In this challenge, we are given an oracle that will encrypt our input with a constant key. We are also given a redacted version of the encrypting script.
Reading through the script, we can see that data is encrypted by splitting the data into blocks of two characters, encrypting each block individually (with a redacted function), and then concatenating the output. Furthermore, by connecting to the oracle, we can see that each block gets encrypted to a fixed size of 40 characters.
These observations make the encryption very weak, as if we make a table of what all pairs of characters get encrypted to, we can easily decrypt any encrypted message by splitting the encrypted message into blocks of 40 characters, and looking for the corresponding plaintext in our lookup table.
The following Python script implements this exact solution
from pwn import *
from itertools import product
# ================= General Setup =================
conn = remote("chall.duckctf.com", 30002)
# Getting encrypted flag
encryptedFlag = conn.recvline()[16:].strip()
conn.recvline() # Cleaning new line
# Generating all possible pairs of characters in the characterSet
characterSet = list(string.ascii_lowercase + '0{}')
pairs = [p[0] + p[1] for p in product(characterSet, repeat=2)]
# ============ Creating a lookup table ============
# For speed, we just sent all pairs at once
# and split into blocks afterwards.
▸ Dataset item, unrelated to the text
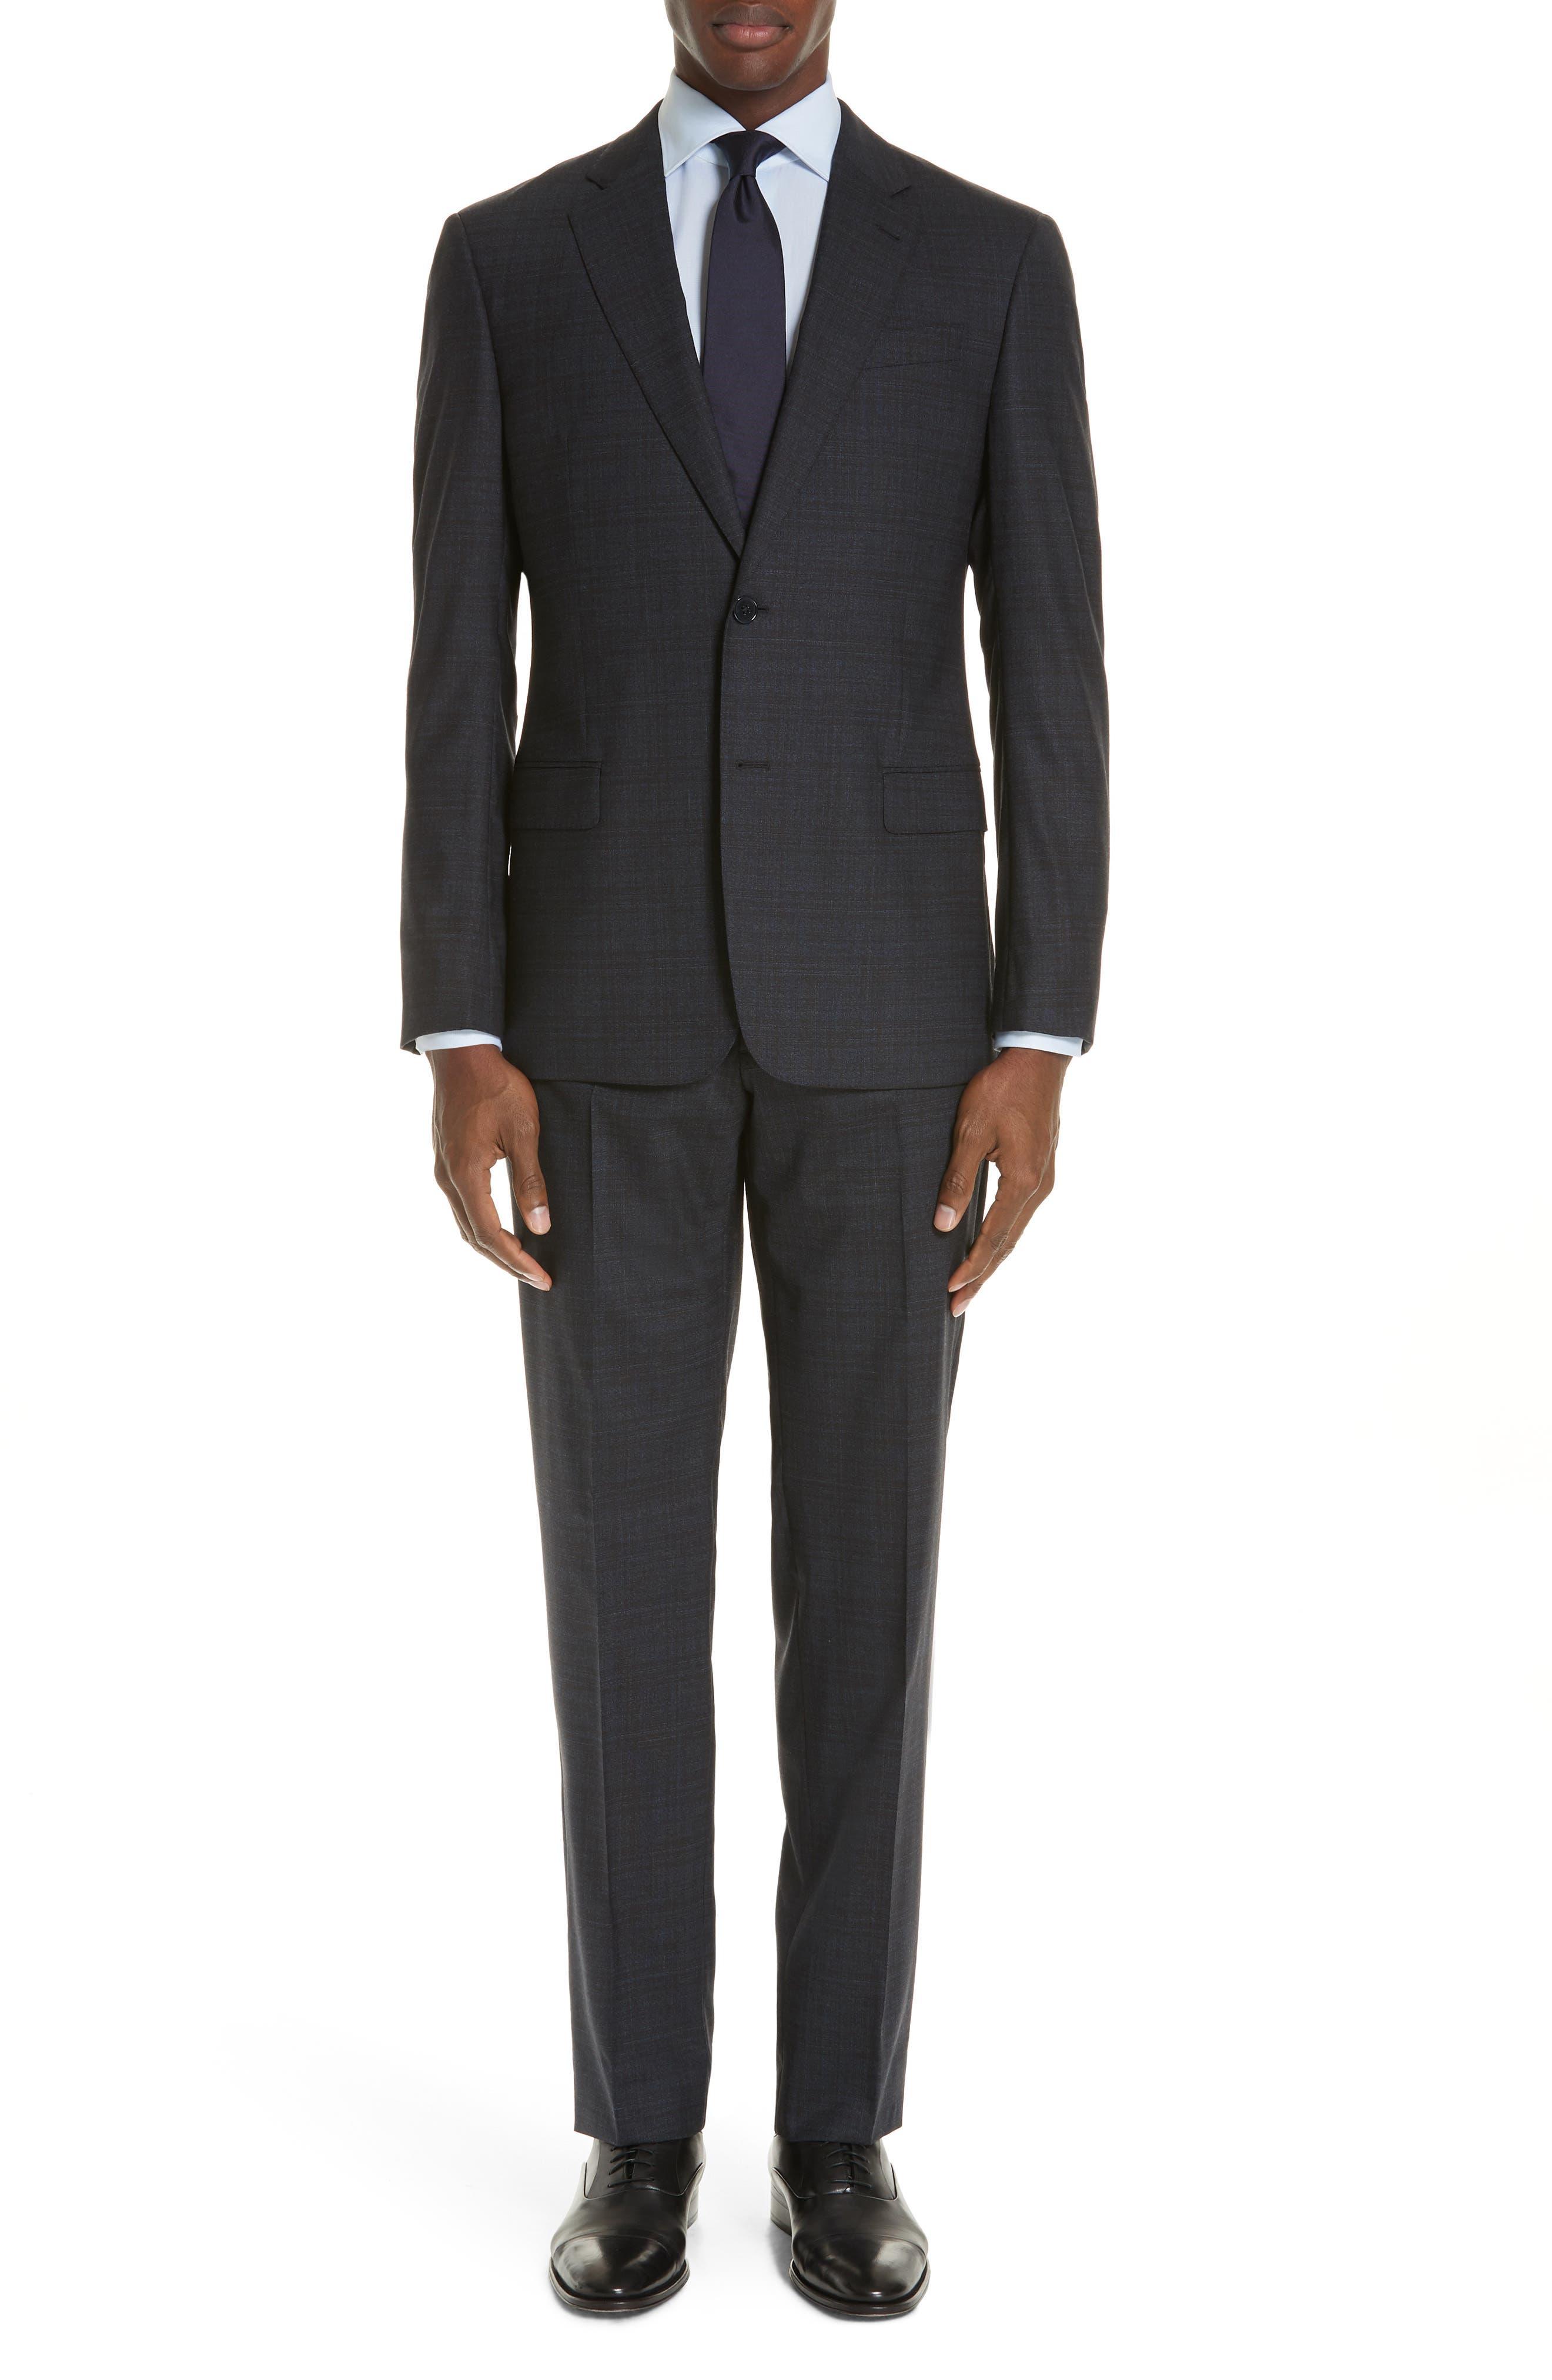 G-Line Trim Fit Stretch Plaid Wool Suit,                             Main thumbnail 1, color,                             NAVY/ BROWN

However, we
# could theoretically send each pair one by one
payload = ''.join(pairs)
conn.sendline(bytes(payload, 'utf-8'))
enc = conn.recvline()[32:].strip()
encPairs = [enc[i:i+40] for i in range(0, len(enc), 40)]
table = dict(zip(encPairs, pairs))
# =============== Decrypting Flag ================
# Splitting the encrypted flag into blocks of 40
blocks = [encryptedFlag[i:i+40] for i in range(0, len(encryptedFlag), 40)]
# Searching for each block in lookup table
flag = ''.join([table[block] for block in blocks])
print(flag)
This gives the flag quack{shortblockencryptionbad}.